Even if prices are the biggest crisis facing farmers, the conflict created more immediate problems during the recent harvest. “Essentially there is a war going on, and my neighbors . . . have to decide whether to go pick cherries or stay home and stay safe,” Carlson says. One family had to take shelter when a battle erupted next to their fields.

In July, Carlson, who with his wife, Kristy, owns coffee producer Long Miles Coffee, was cupping coffees late at night when he was called and told that someone had thrown a grenade into their washing station in Bukeye. No one was hurt, but the storeroom was damaged. He doesn’t know why the attack happened or who would have done it, but grenades are cheap in Burundi and they are used often.

Coffee farmers in Burundi. (Photos: courtesy Kristy Carlson, Long Miles Coffee.)
Above, coffee farmers in Burundi. At top, Long Miles Coffee’s Bukeye station, where a store room was damaged in a grenade attack during harvest this year. (Photos: courtesy Kristy Carlson, Long Miles Coffee.)

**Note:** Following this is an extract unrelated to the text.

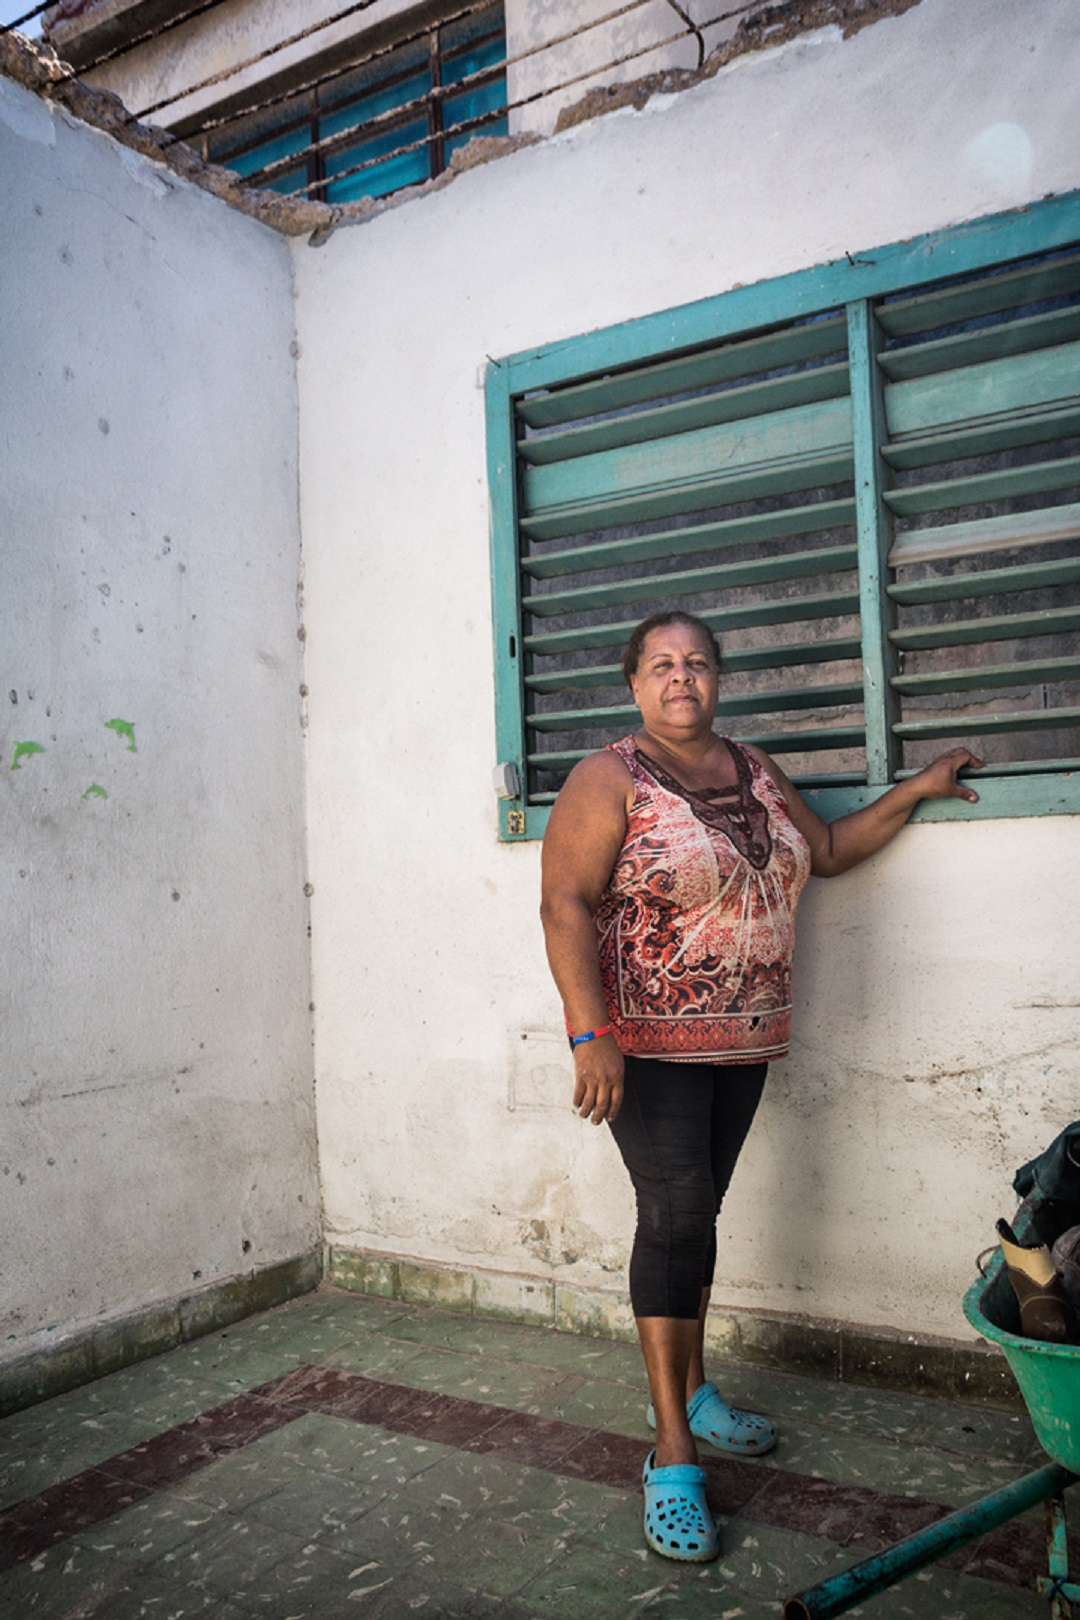 Aquí estaba la cama. Yo estaba en la puerta hablando con unos niños y mi esposo había ido al baño y cuando yo estoy regresando para el cuarto sentimos un ruido y de pronto el techo se fue abajo. Nos tiramos pa' allá atrás. Todo fue muy rápido, pero fue una suerte que no estuviéramos acostados (Foto: Evelyn Sosa Rojas).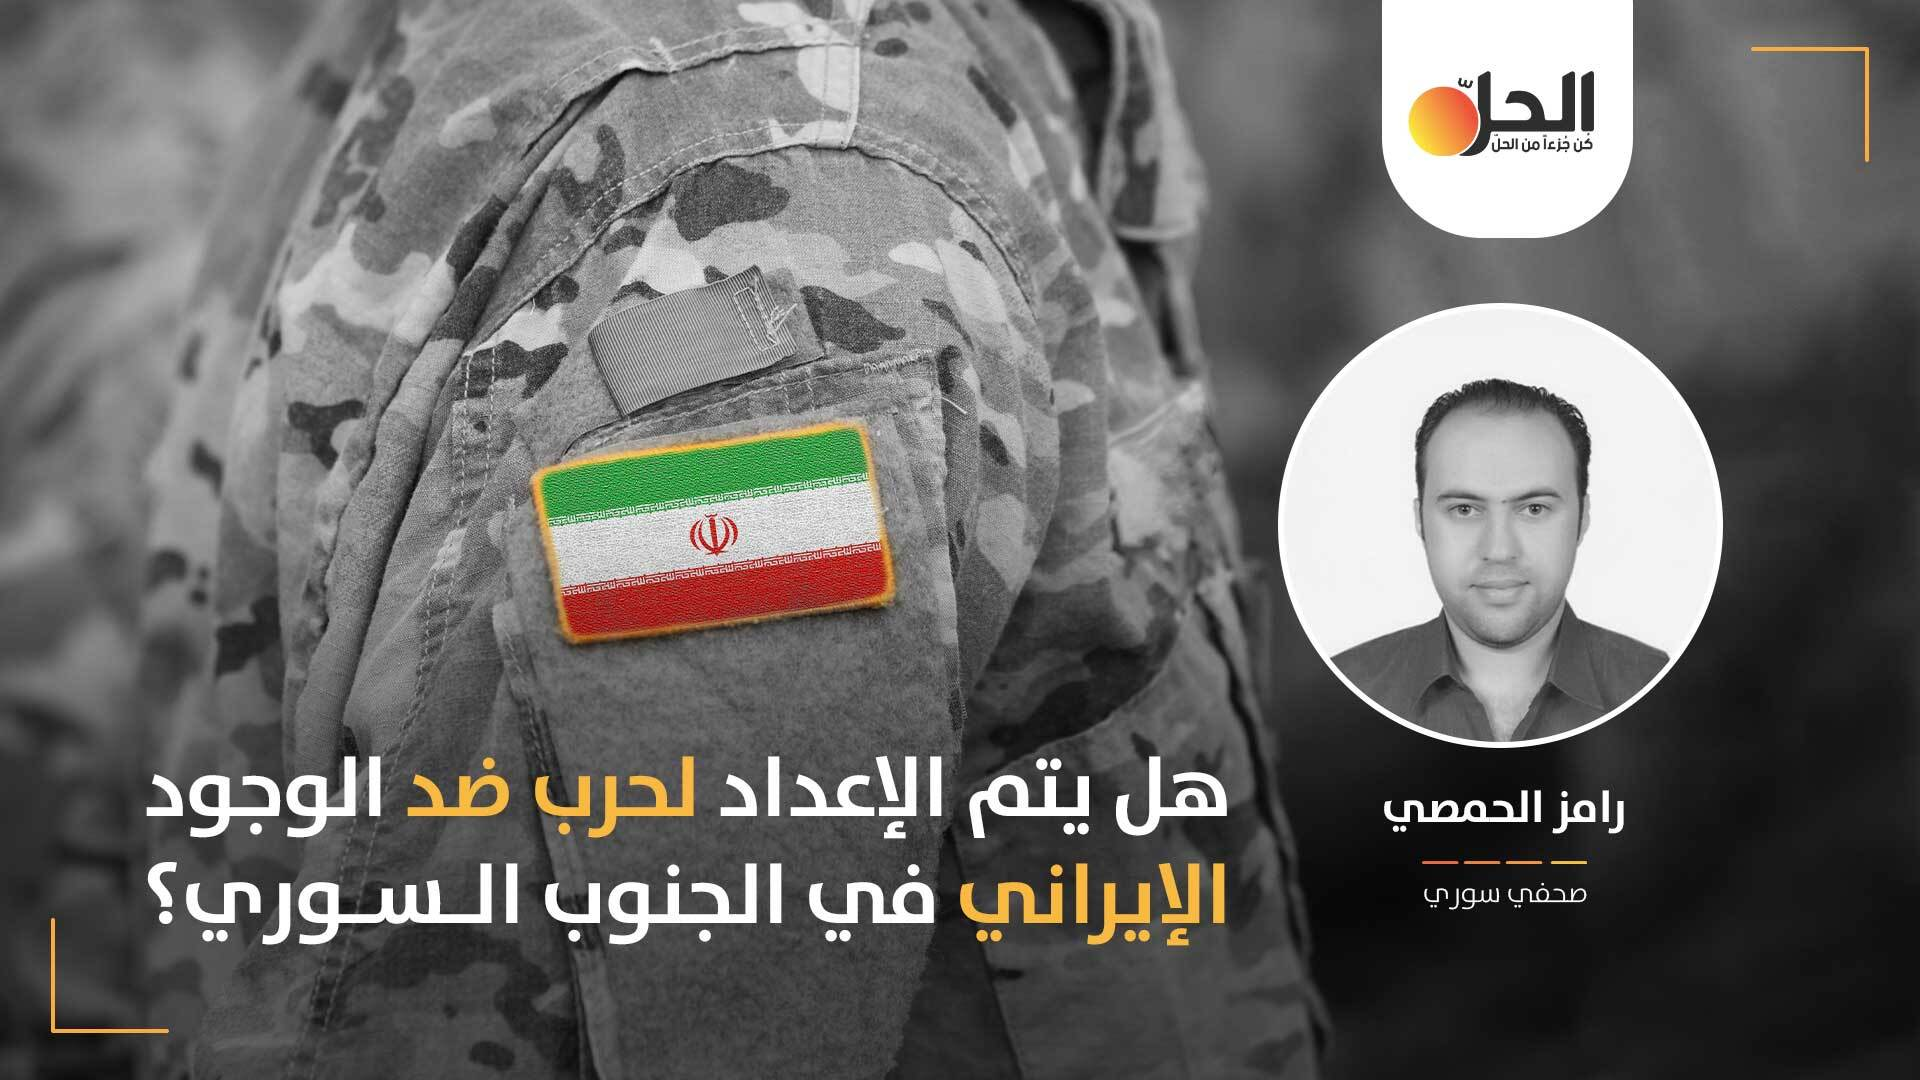 حرب الجنوب السوري الوشيكة: تحركات محلية وإقليمية لضرب النفوذ الإيراني في درعا

While the conflict didn’t stop the harvest, it has halted the ability of exporters to get coffee out of the country. A coffee needs to gather twenty-nine signatures from nine offices in the capital before the Ministry of Agriculture will let it go. That’s a bureaucratic steeplechase in peacetime. Now, gathering those signatures can be made impossible by roadblocks and fighting. The offices may be empty. “We have beautiful coffees, eighty-five-plus coffees and they’re just sitting there. You can’t get it out because the minister of agriculture is afraid to go to his office,” Carlson says. “There is nothing you can do. There is literally nothing you can do.”

Since its independence in the sixties, and of course throughout its colonial period, Burundi has experienced tremors of violence and outright war. The worst and longest was the civil war from 1993 to 2005, which killed around 300,000 people. The war ended when Pierre Nkurunziza was elected president, and the current violence began when he declared he would—and the Constitutional Court allowed him to—run for an unconstitutional third term. A military coup was countered, violence erupted, elections were held but boycotted by opposition parties, Nkurunziza won, and the violence has not abated. The economy, already meager, collapsed. Wars and lethal political fights rarely care if imagined gains will never exceed the conflict’s real destruction of bodies and economies.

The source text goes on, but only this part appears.